When you write out the listing below, keep each word exactly as it stands and drop the pictures.

**Dataset excerpt**
◆ ◆ ◆

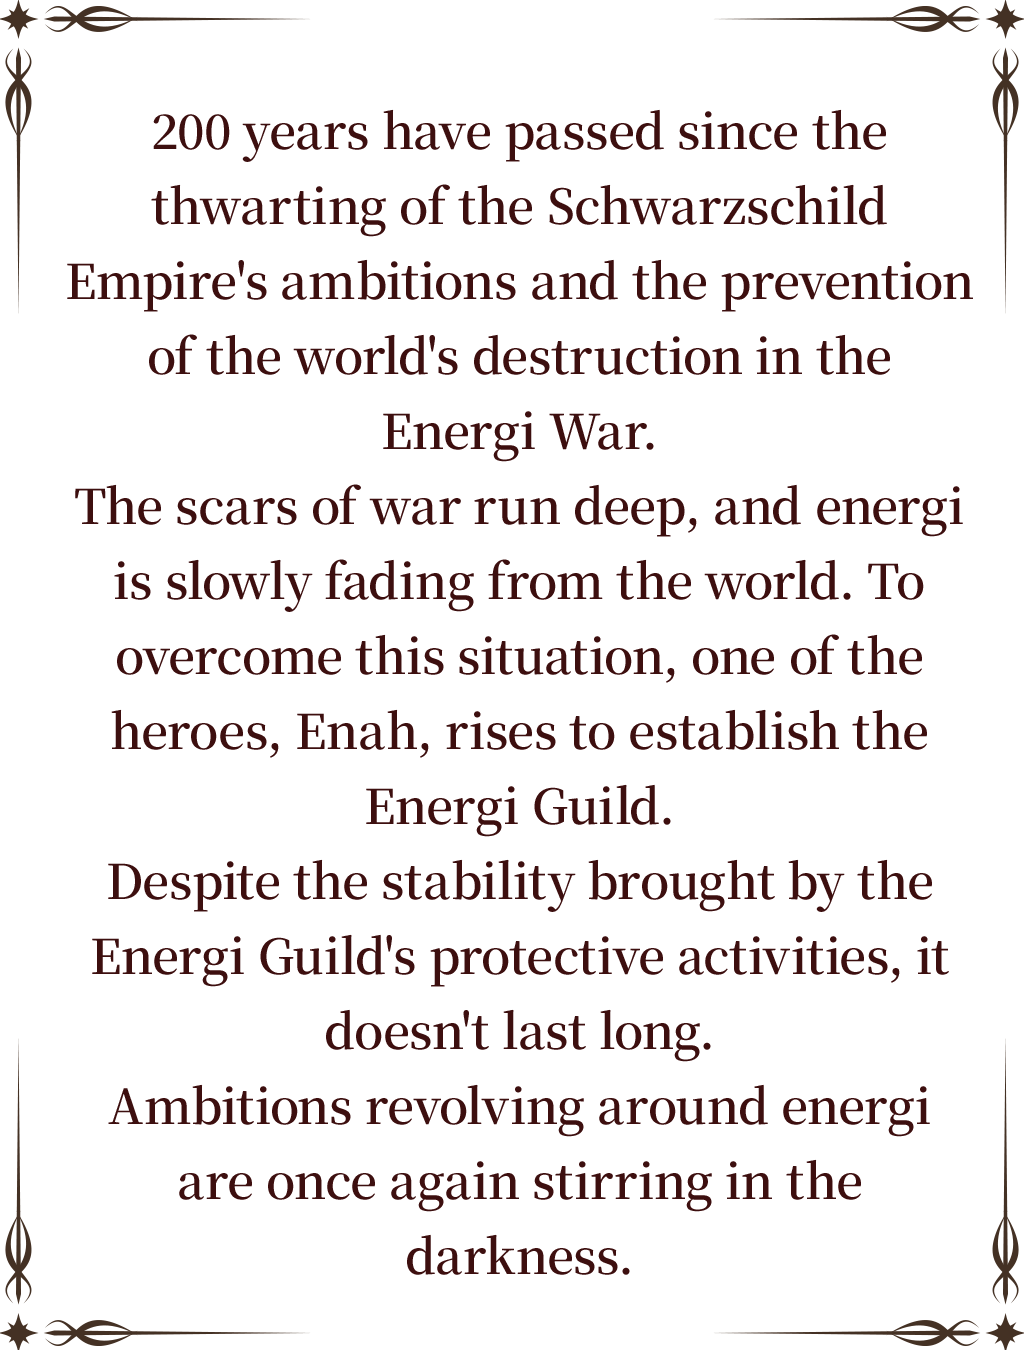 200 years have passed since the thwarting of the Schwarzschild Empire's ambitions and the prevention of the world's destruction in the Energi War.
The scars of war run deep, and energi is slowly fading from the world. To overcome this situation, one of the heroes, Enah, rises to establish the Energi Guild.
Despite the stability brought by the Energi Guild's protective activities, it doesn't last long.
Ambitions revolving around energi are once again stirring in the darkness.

◆ ◆ ◆

**Solution to this exercise**
 200 years have passed since the thwarting of the Schwarzschild Empire's ambitions and the prevention of the world's destruction in the Energi War.
The scars of war run deep, and energi is slowly fading from the world. To overcome this situation, one of the heroes, Enah, rises to establish the Energi Guild.
Despite the stability brought by the Energi Guild's protective activities, it doesn't last long.
Ambitions revolving around energi are once again stirring in the darkness.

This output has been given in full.